[Task to carry out]
Only the lines from the one containing "bloomed roses in" through the end of the listing belong in the answer, repeated exactly, with no pictures.

[Dataset content]
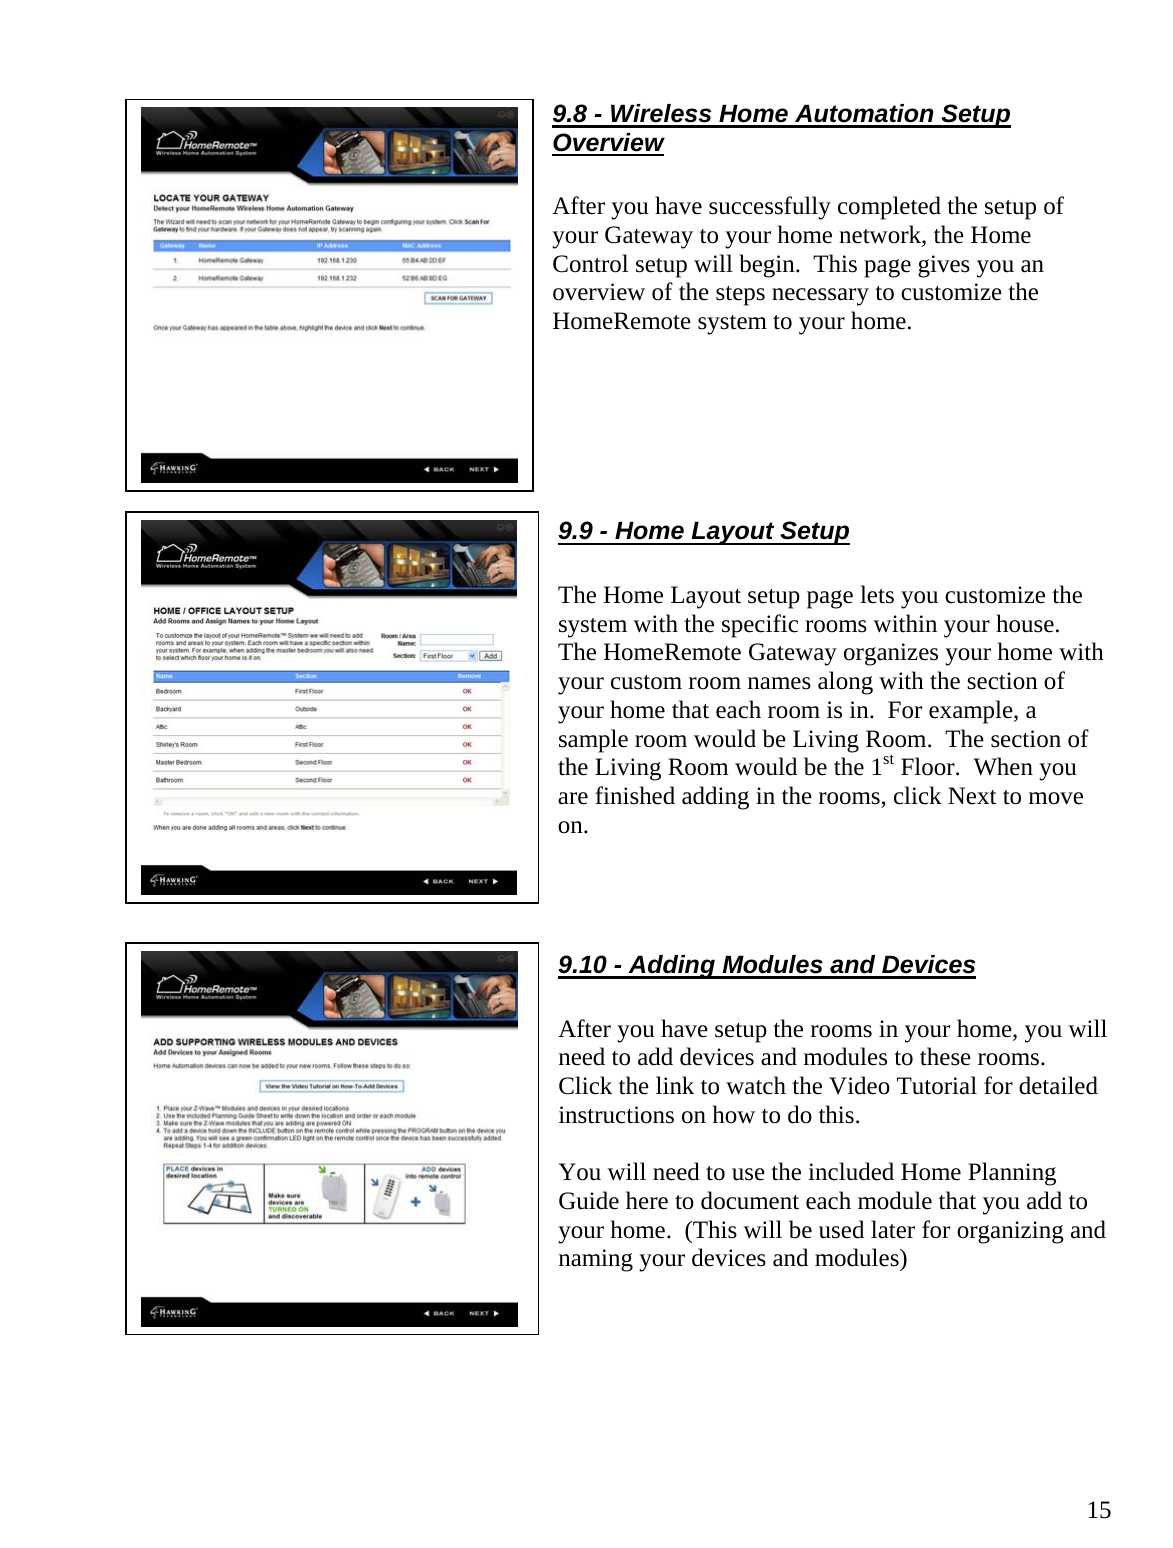  159.8 - Wireless Home Automation Setup Overview  After you have successfully completed the setup of your Gateway to your home network, the Home Control setup will begin.  This page gives you an overview of the steps necessary to customize the HomeRemote system to your home.      9.9 - Home Layout Setup  The Home Layout setup page lets you customize the system with the specific rooms within your house.  The HomeRemote Gateway organizes your home with your custom room names along with the section of your home that each room is in.  For example, a sample room would be Living Room.  The section of the Living Room would be the 1st Floor.  When you are finished adding in the rooms, click Next to move on.    9.10 - Adding Modules and Devices  After you have setup the rooms in your home, you will need to add devices and modules to these rooms.  Click the link to watch the Video Tutorial for detailed instructions on how to do this.   You will need to use the included Home Planning Guide here to document each module that you add to your home.  (This will be used later for organizing and naming your devices and modules)       
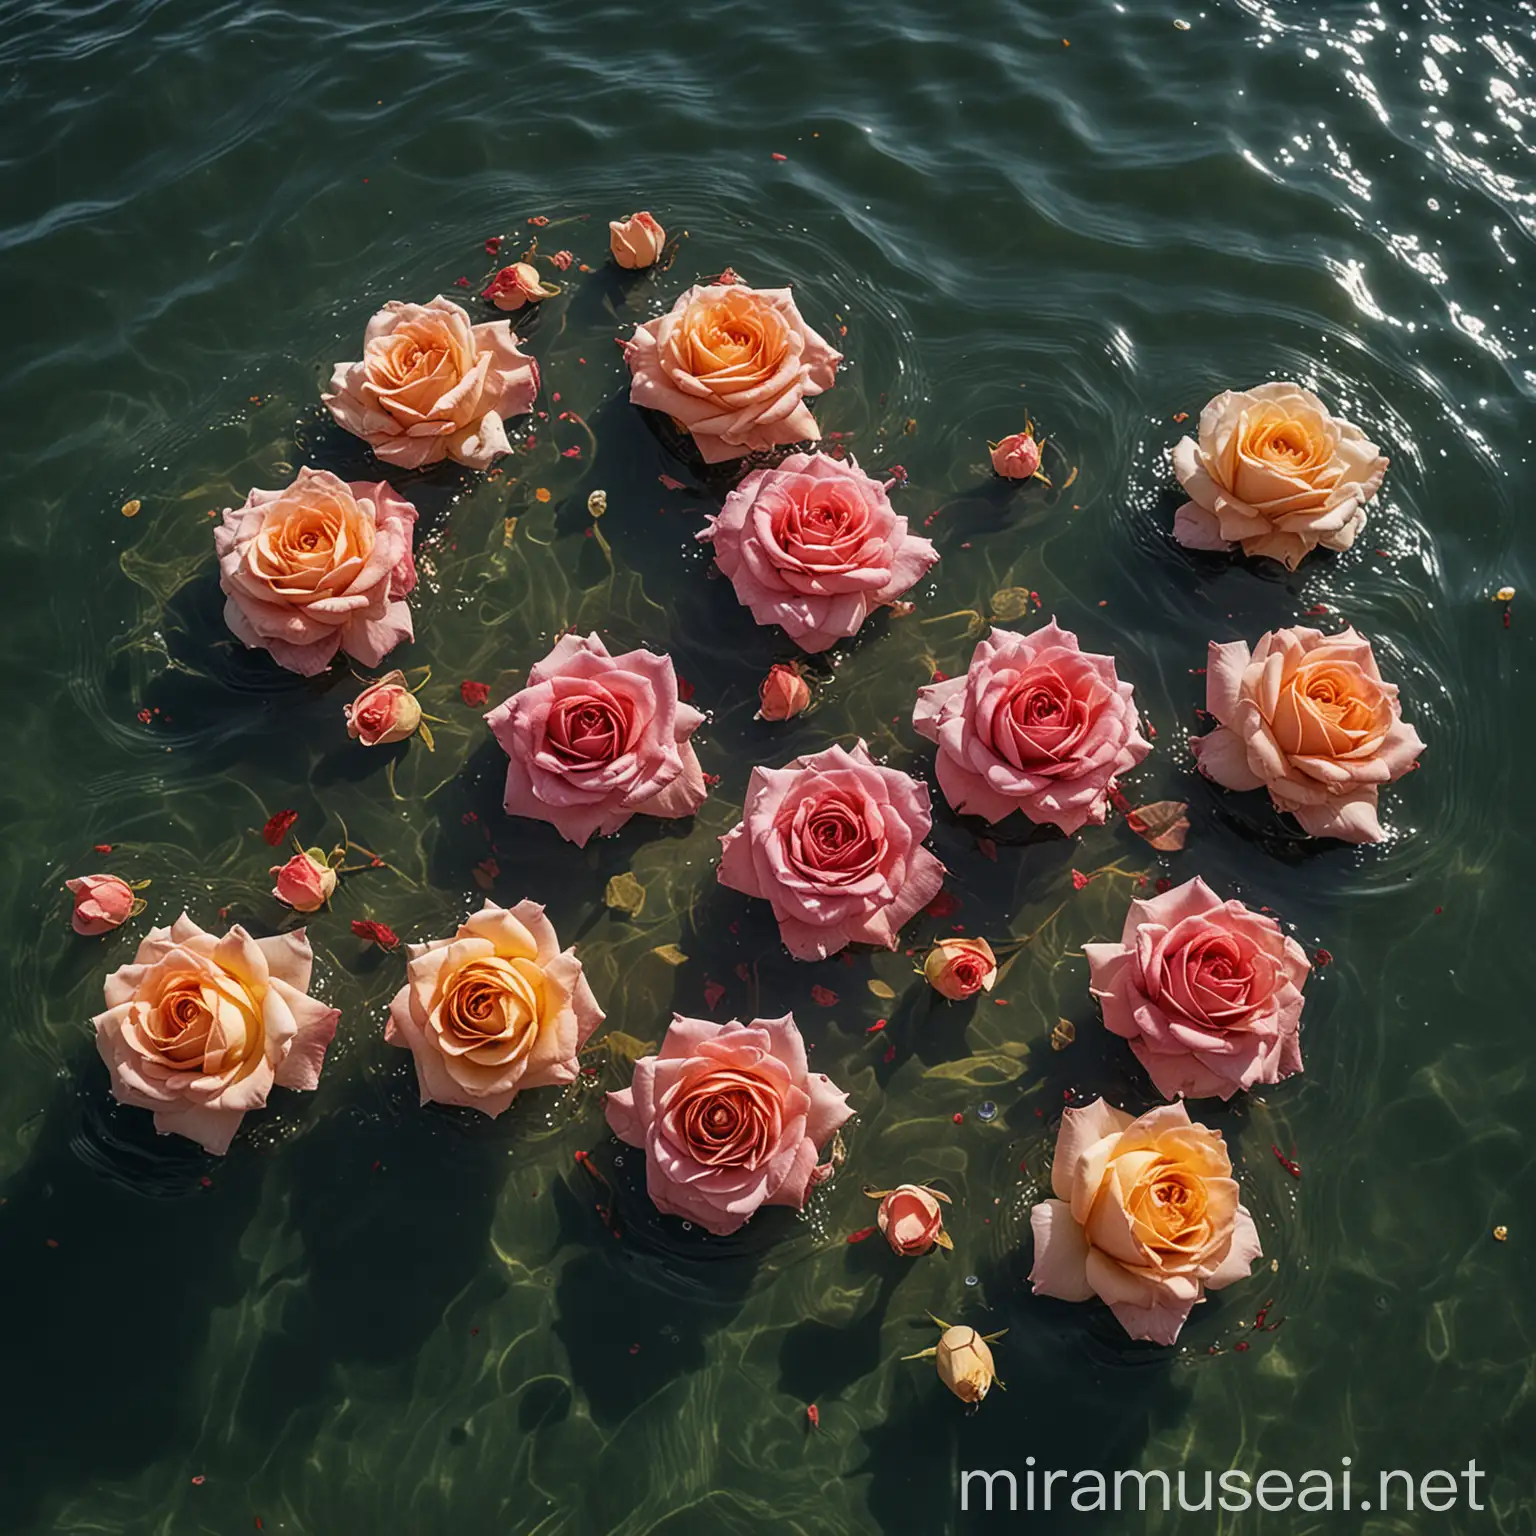 bloomed roses in different colors floating  in the sea
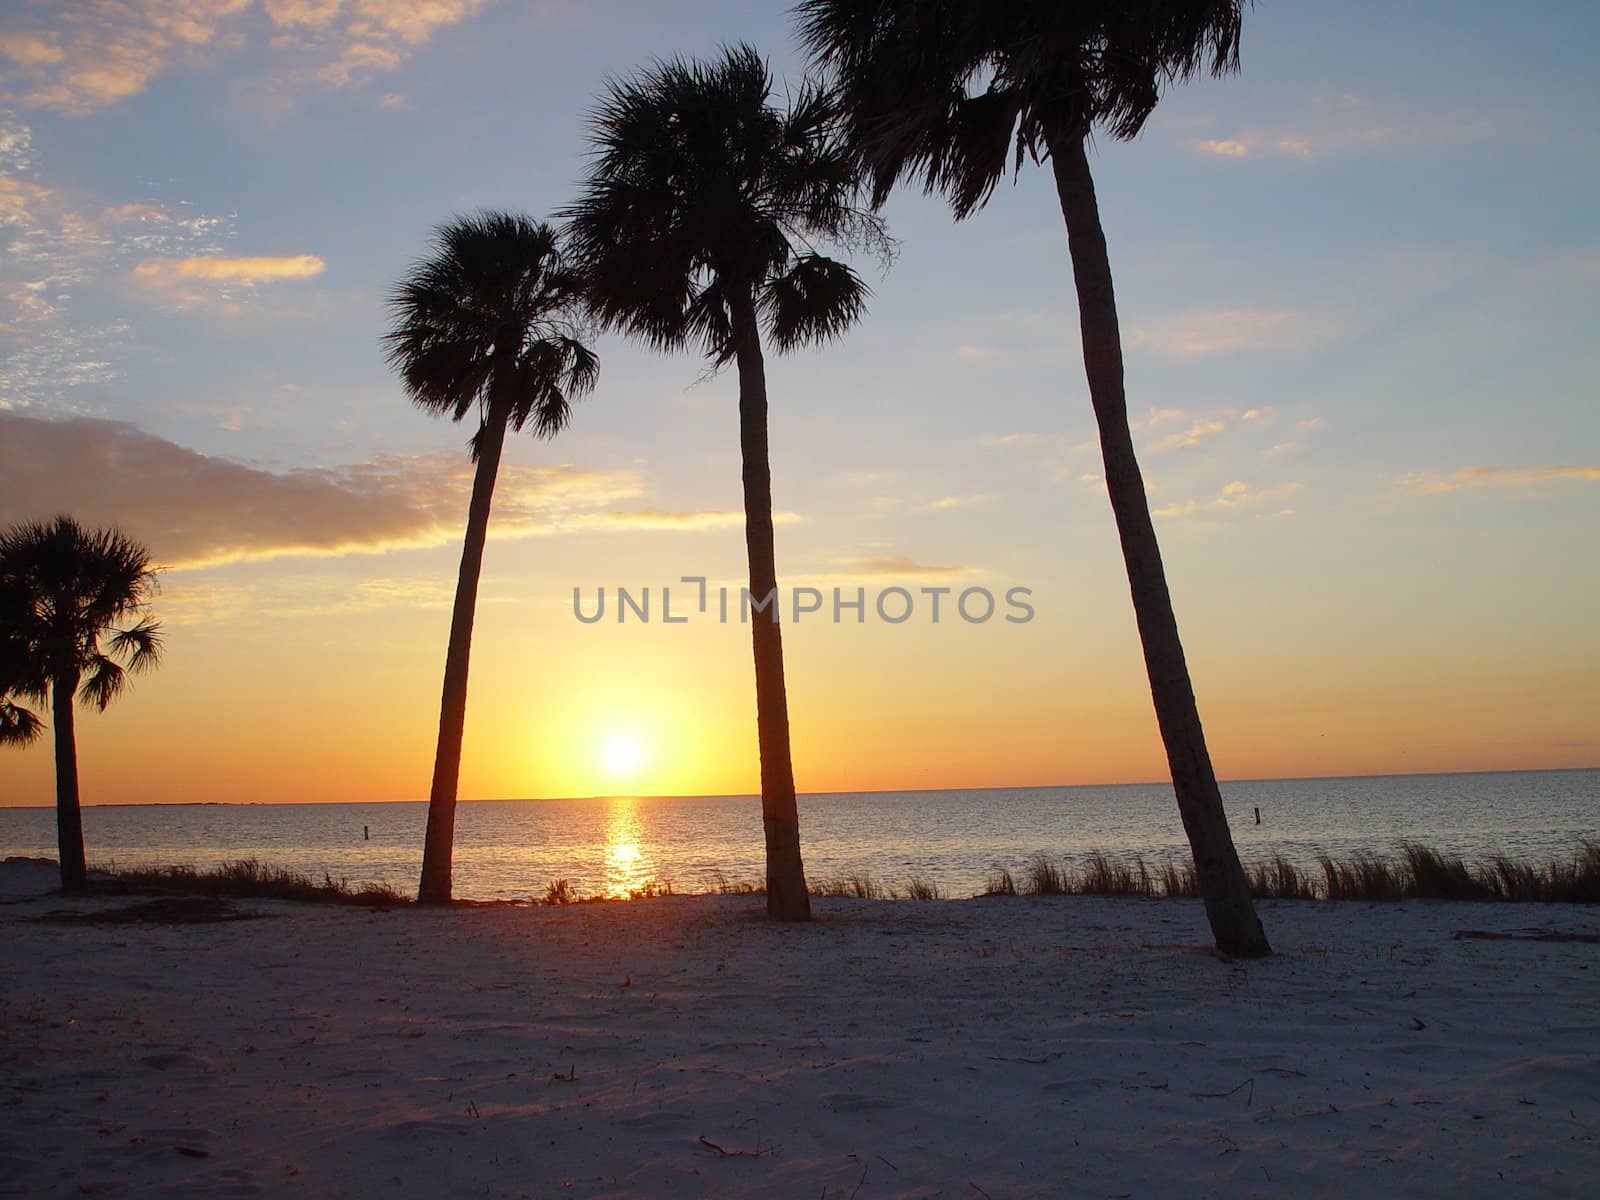 These Florida palm trees witness the last of the days light.

[Answer area]
 bloomed roses in different colors floating  in the sea
 These Florida palm trees witness the last of the days light.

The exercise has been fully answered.